Exercise objective: Only a slice of the listing below is wanted. Retype the lines from the one containing "Pine cone earrings photo 1" through the one containing "Sun loungers on", exactly, both ends included.

Data shown:
####
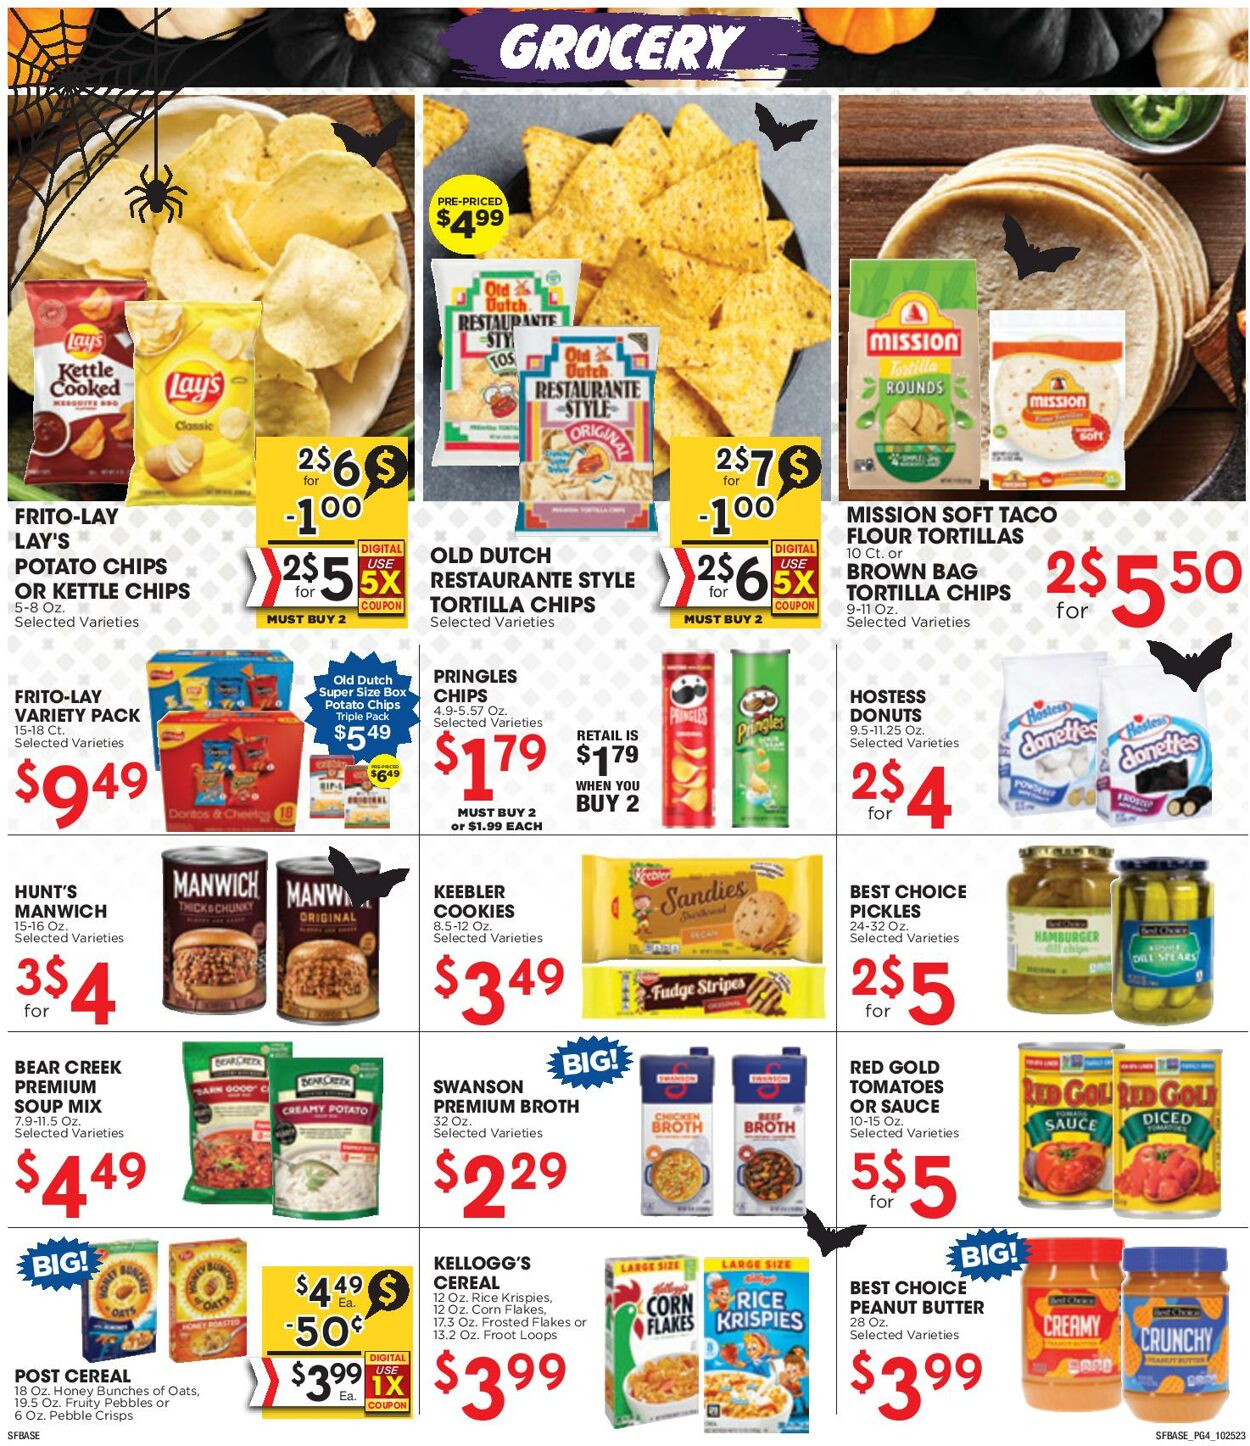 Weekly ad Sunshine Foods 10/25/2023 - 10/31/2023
####
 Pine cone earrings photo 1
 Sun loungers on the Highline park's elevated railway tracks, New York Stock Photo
####
Result of this task:
 Pine cone earrings photo 1
 Sun loungers on the Highline park's elevated railway tracks, New York Stock Photo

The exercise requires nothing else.